IBM WebSphere Process Server 7 and Enterprise Service Bus 7 : Monitoring WPS/WESB applications

There is also a need to understand, from a runtime perspective, what is happening within the deployed solution. Some of the common visibility items include:

  • Overall System/Server Health-CPU usage, memory usage, IO usage, connection pool, thread pool, event logs, disk space, and so on

  • Module Health-Status of modules, failed events, status of process instances, and so on

  • Services Health and Performance-Response time, throughput, periodic statistics, failure rates, and so on

  • Diagnostic Information-Logs, trace, threads, and so on

  • Business Process/Activity Performance-One of the goals of modelling a business process is to measure the efficiency and the performance of the process itself based on KPIs and other instance metrics

From an overall system monitoring perspective, you need to make sense out of the raw data you are looking at.
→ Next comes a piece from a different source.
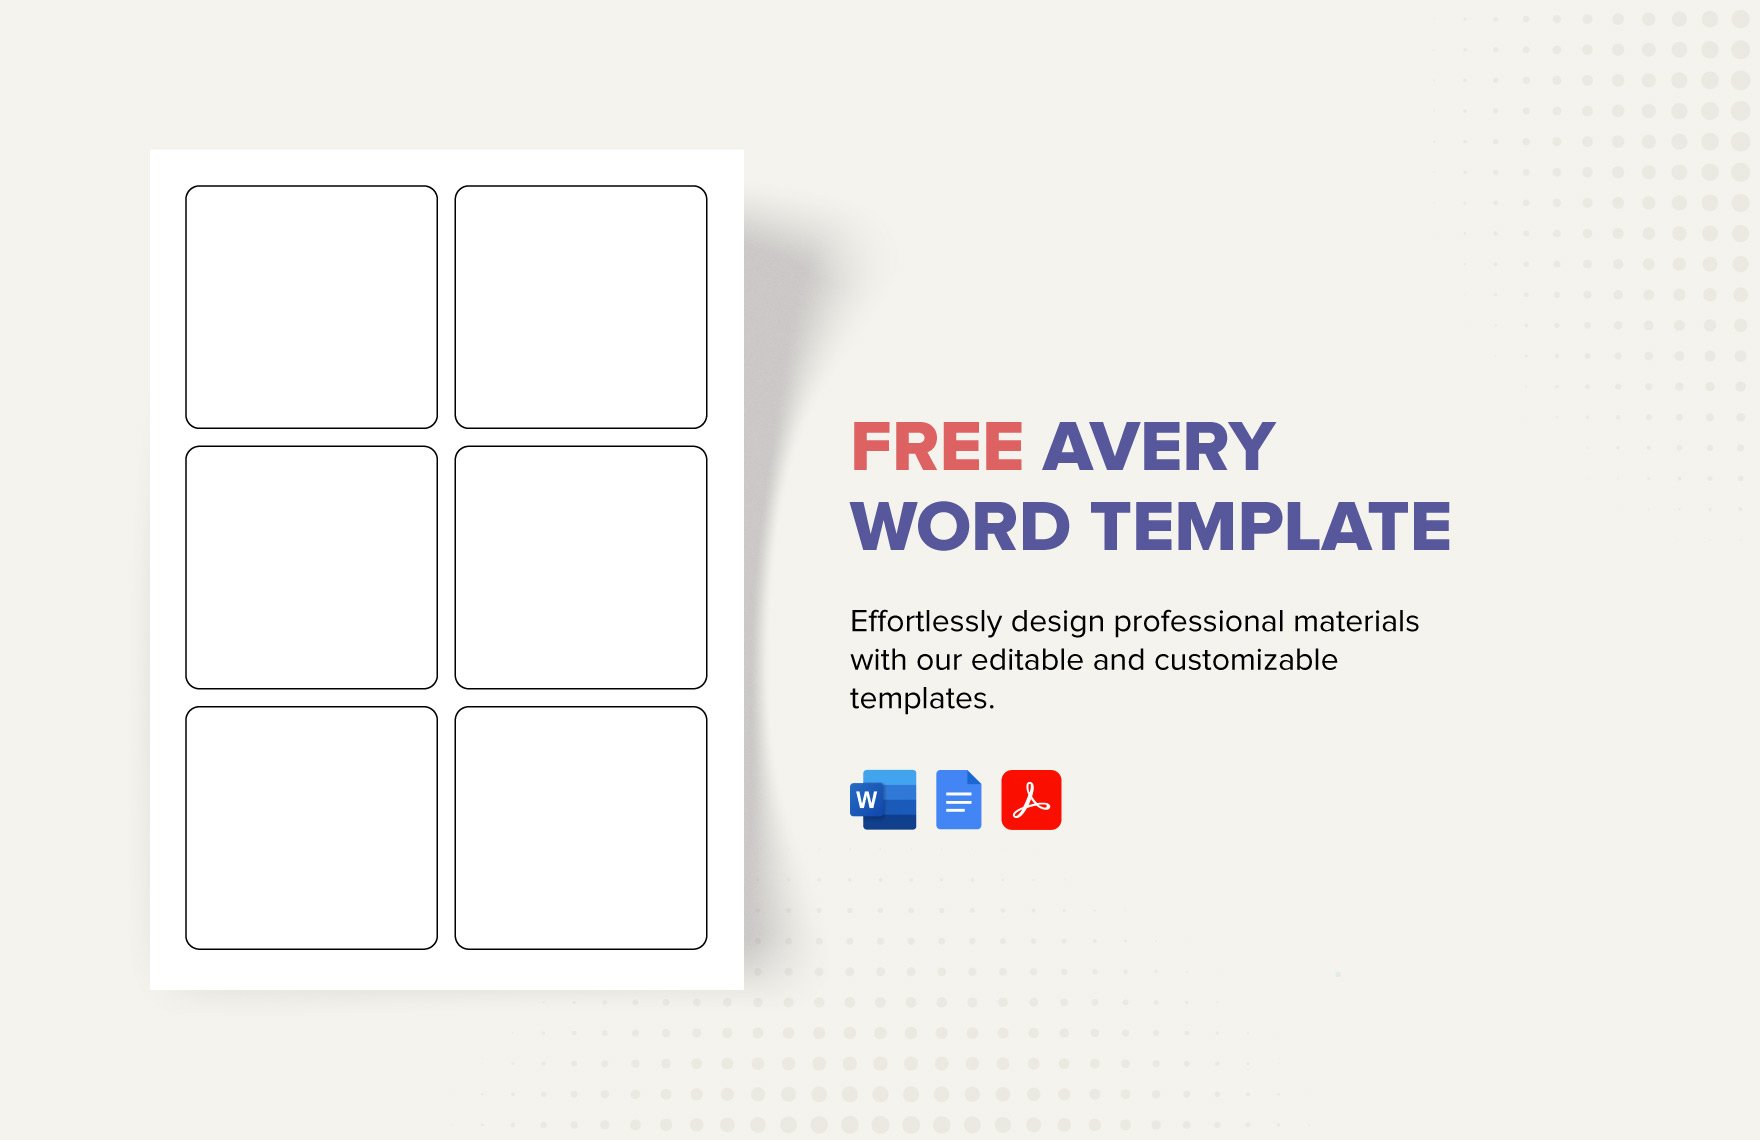 Avery Word Template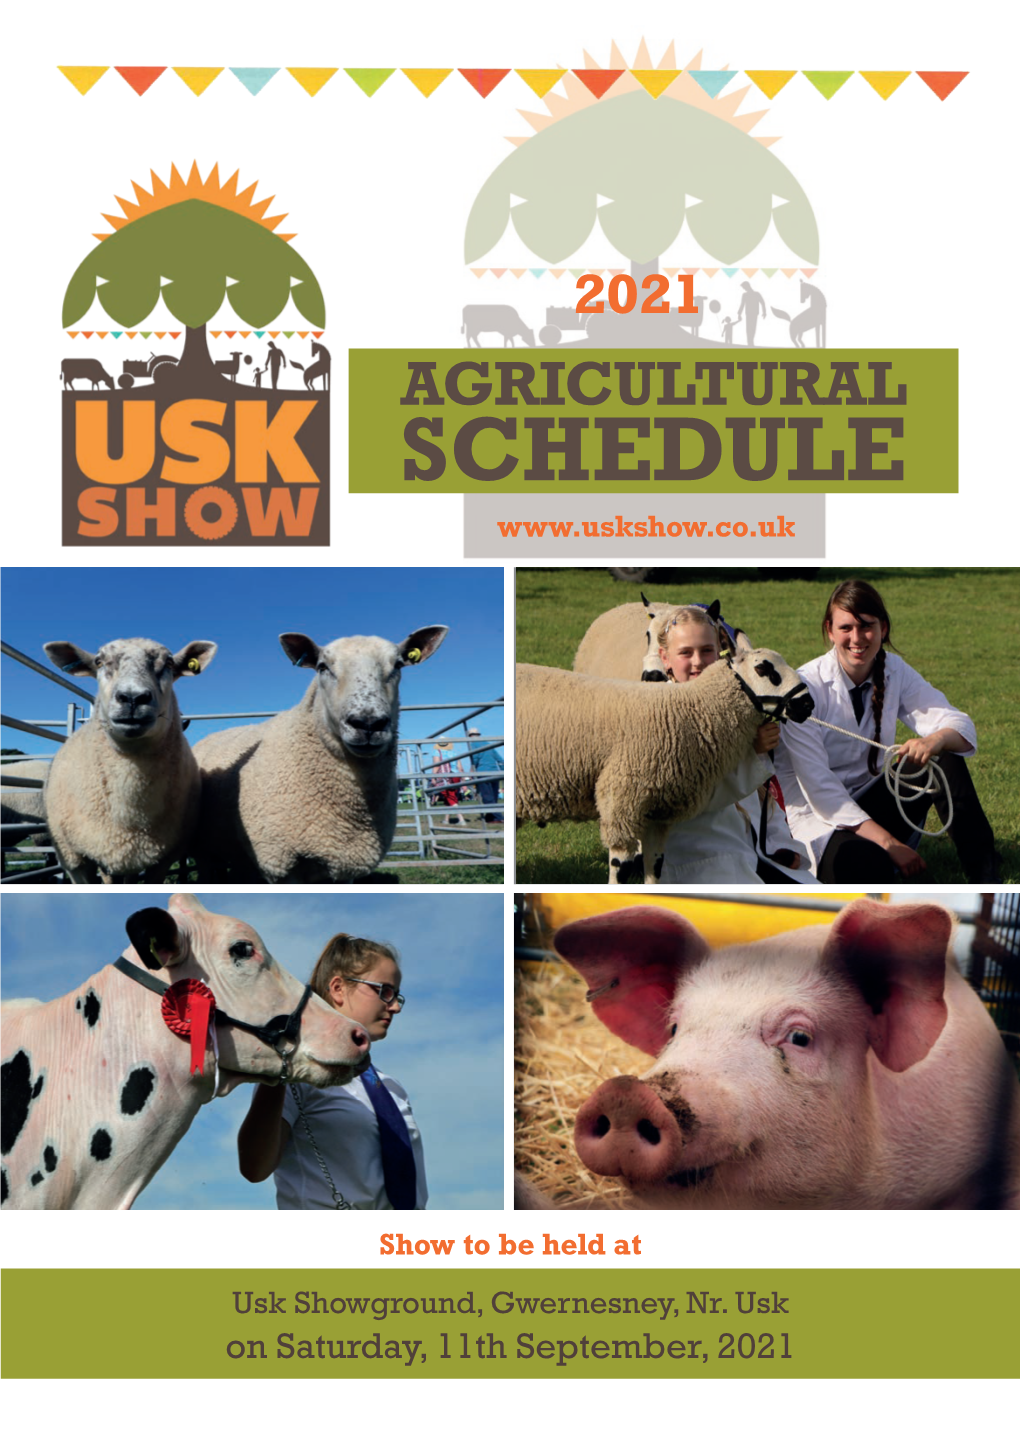 Click Here to Download the Agriculture Schedule for 2021

You need meaningful information and capabilities that give you this information that you are looking for. Also, we need to understand and act on various exceptions that are being thrown by the SCA components and associated escalations, human tasks, compensation, and escalation chains. So from a WID/WPS/WESB point of view, let’s look at the tools and capabilities available to get visibility into the solution.

WebSphere Business Monitor and the WebSphere Monitor Toolkit provide business activity monitoring capabilities that offer real-time insight into the business processes. It provides visualization dashboards (through Business Space) such as business process information, human task activities, process diagrams, Key Performance Indicators (KPI), dimensional views, visualizing a process flow, and so on. These products allow you to monitor the processes that are being executed on WPS and analyze them for further and future tuning.

Tools and capabilities provided

We will see in this section how to monitor the business processes and the SCA modules and components using BPC Explorer, BPC Observer, Business Space, and CEI Browser.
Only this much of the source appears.